„Landschaftspflege und Naturschutz machen nicht an künstlichen Gemeindegrenzen halt. Die Landesregierung setzt daher auf eine nachhaltige Regionalentwicklung über Gemeinde- und Kreisgrenzen hinweg. Um die Akteurinnen und Akteure vor Ort besser zu vernetzen und bei der Umsetzung ihrer Ideen und Konzepte stärker zu unterstützen, stellen wir den Gemeinden beim Modellprojekt ‚Blühende Badische Bergstraße’ erstmals ein Regionalmanagement als zentrale Anlaufstelle zur Seite“, kündigte der Amtschef im Ministerium für Ländlichen Raum und Verbraucherschutz, Ministerialdirektor Wolfgang Reimer, anlässlich der Vorstellung des Modellprojekts „Blühende Badische Bergstraße“ am Donnerstag, 13. Juni 2013, in Weinheim an. Die Städte Hemsbach, Schriesheim und Weinheim sowie die Gemeinden Dossenheim, Hirschberg und Laudenbach haben sich in diesem Projekt zusammengeschlossen, um gemeinsame Maßnahmen zur Erhaltung der historisch geprägten Landschaft wie beispielsweise gemeinsame Pflegekonzepte und -aktionen umzusetzen.

Mit dem Integrierten Ländlichen Entwicklungskonzept (ILEK) an der Badischen Bergstraße hätten die sechs Gemeinden zuvor einen wichtigen Grundstein für eine interkommunale Zusammenarbeit gelegt, sagte Reimer weiter. Um die Umsetzung des Konzepts weiter voranzutreiben, solle ein vom Land geförderter Regionalmanager bzw. eine Regionalmanagerin als Schnittstelle zwischen den Akteuren wirken. Dafür stelle das Land in den kommenden fünf Jahren entsprechende Mittel zur Verfügung. „Ihr Projekt hat einen hohen gesellschaftlichen Nutzen: Von einer blühenden Bergstraße sollen Bürgerschaft, Kommunen, Natur, Tourismus, Landwirtschaft und die Winzerinnen und Winzer gleichermaßen profitieren. Mit der Umsetzungsbegleitung wollen wir an der Bergstraße erste Erfahrungen sammeln“, so Reimer.
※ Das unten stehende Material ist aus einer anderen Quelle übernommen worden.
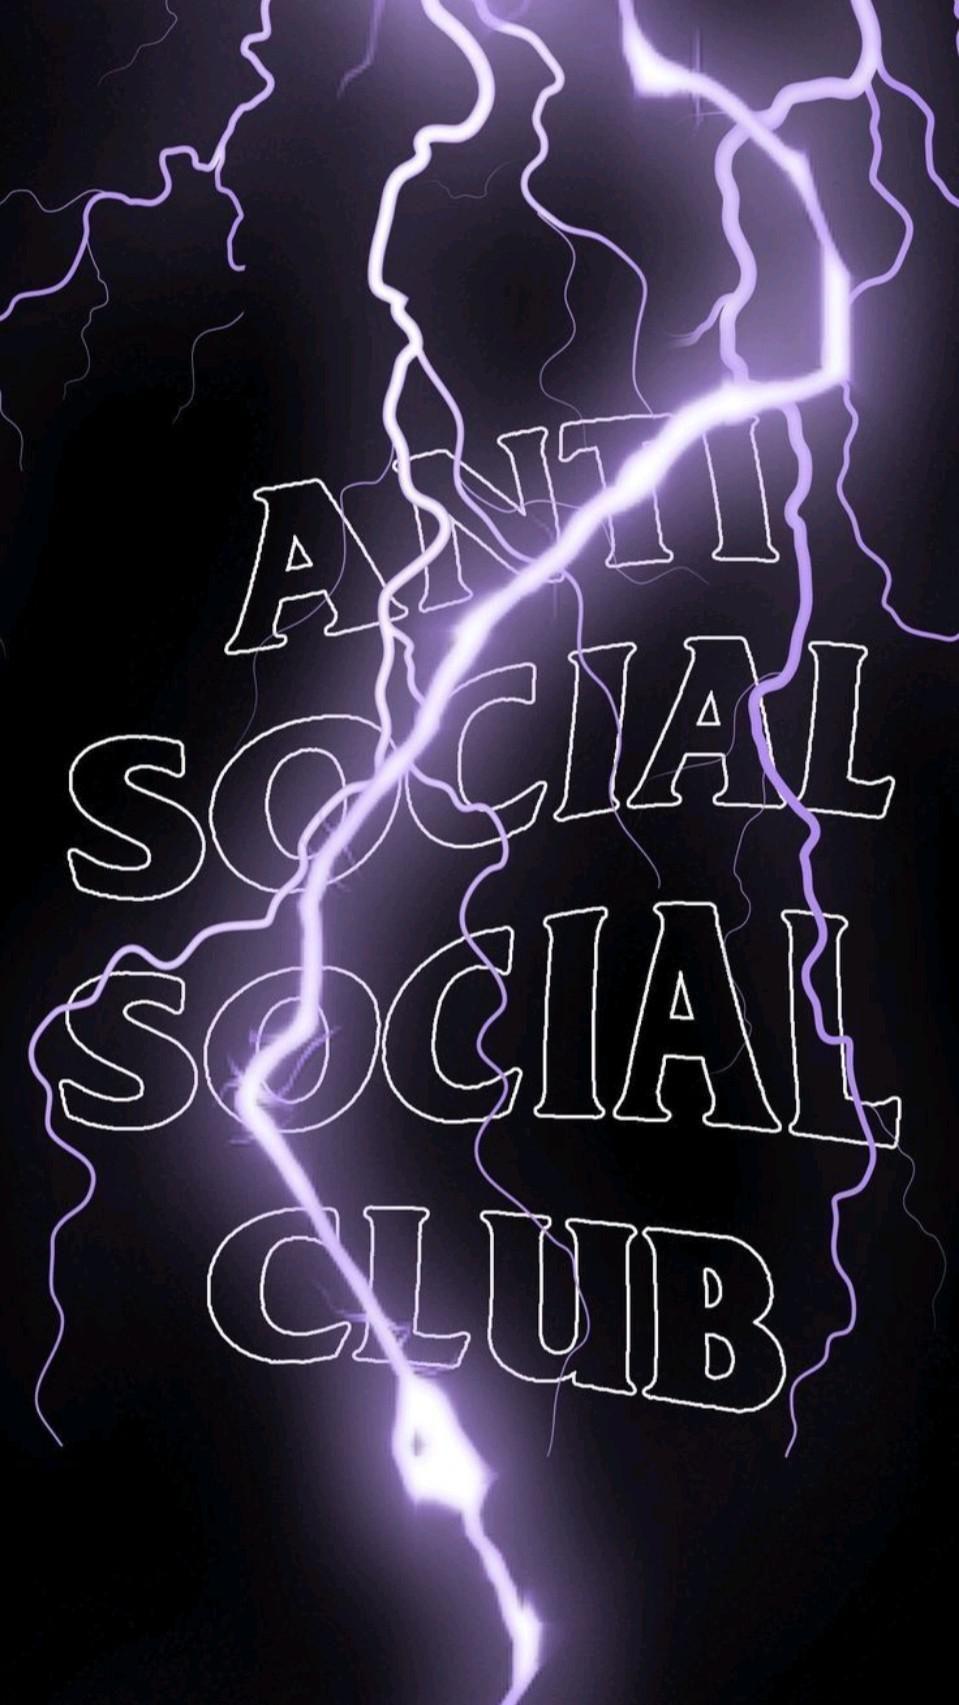 Anti social social club wallpaper by the rad factory - Anti Social Social Club

BUND: „Interessen von Mensch und Natur miteinander verbinden“

Zustimmung zu dem Pilotprojekt kommt auch vom Bund für Umwelt und Naturschutz Deutschland e.V. (BUND). Tobias Staufenberg, Geschäftsführer des BUND-Regionalverband Rhein-Neckar-Odenwald, erläutert: „Hier bietet sich eine große Chance, die Interessen von Mensch und Natur miteinander zu verbinden und diesen einzigartigen Naturraum zu schützen. Wir haben das Projekt von Anfang an aktiv begleitet und freuen uns daher sehr über die Ankündigung. Angesichts vieler ökologischer Defizite entlang der Bergstraße muss die Stelle nun zügig besetzt werden.“

Hintergrund-Infos „ILEK“

Die Förderung des interkommunalen Maßnahmenkonzepts „Blühende Badische Bergstraße“ erfolgte über das Integrierte Ländliche Entwicklungskonzept (ILEK). Die Stärke dieses Konzeptes liegt darin, dass sich Bürger, Vereine und Verbände maßgeblich in die Gestaltung ihrer Region einbringen, um die Innovations- und Wirtschaftskraft zu stärken, die interkommunale Zusammenarbeit zu fördern und das magische Dreieck aus Naturschutz, Landwirtschaft und Tourismus weiterzuentwickeln. Damit ist ILEK ein wichtiger Bestandteil der Regionalentwicklungsstrategie des Landes.

Am ILEK-Modellprojekt „Blühende Badische Bergstraße“ sind die Städte Hemsbach, Schriesheim und Weinheim sowie die Gemeinden Dossenheim, Hirschberg a.d. Bergstraße und Laudenbach beteiligt. Für sie analysierte das ILEK vor allem interkommunale Entwicklungschancen im Wirkungsfeld von Naturschutz, Landwirtschaft / Weinbau und Tourismus. Daraus wurde schließlich ein konkreter Maßnahmenplan für künftige Entwicklungen erstellt. In drei Arbeitskreisen waren die Bürger aufgefordert, sich aktiv in diesen integralen Gestaltungsprozess mit einzubringen. Die Bürgermeister der sechs beteiligten Städte und Gemeinden stellten Ministerialdirektor Reimer nun die wesentlichen Eckpunkte des erarbeiteten Konzepts vor.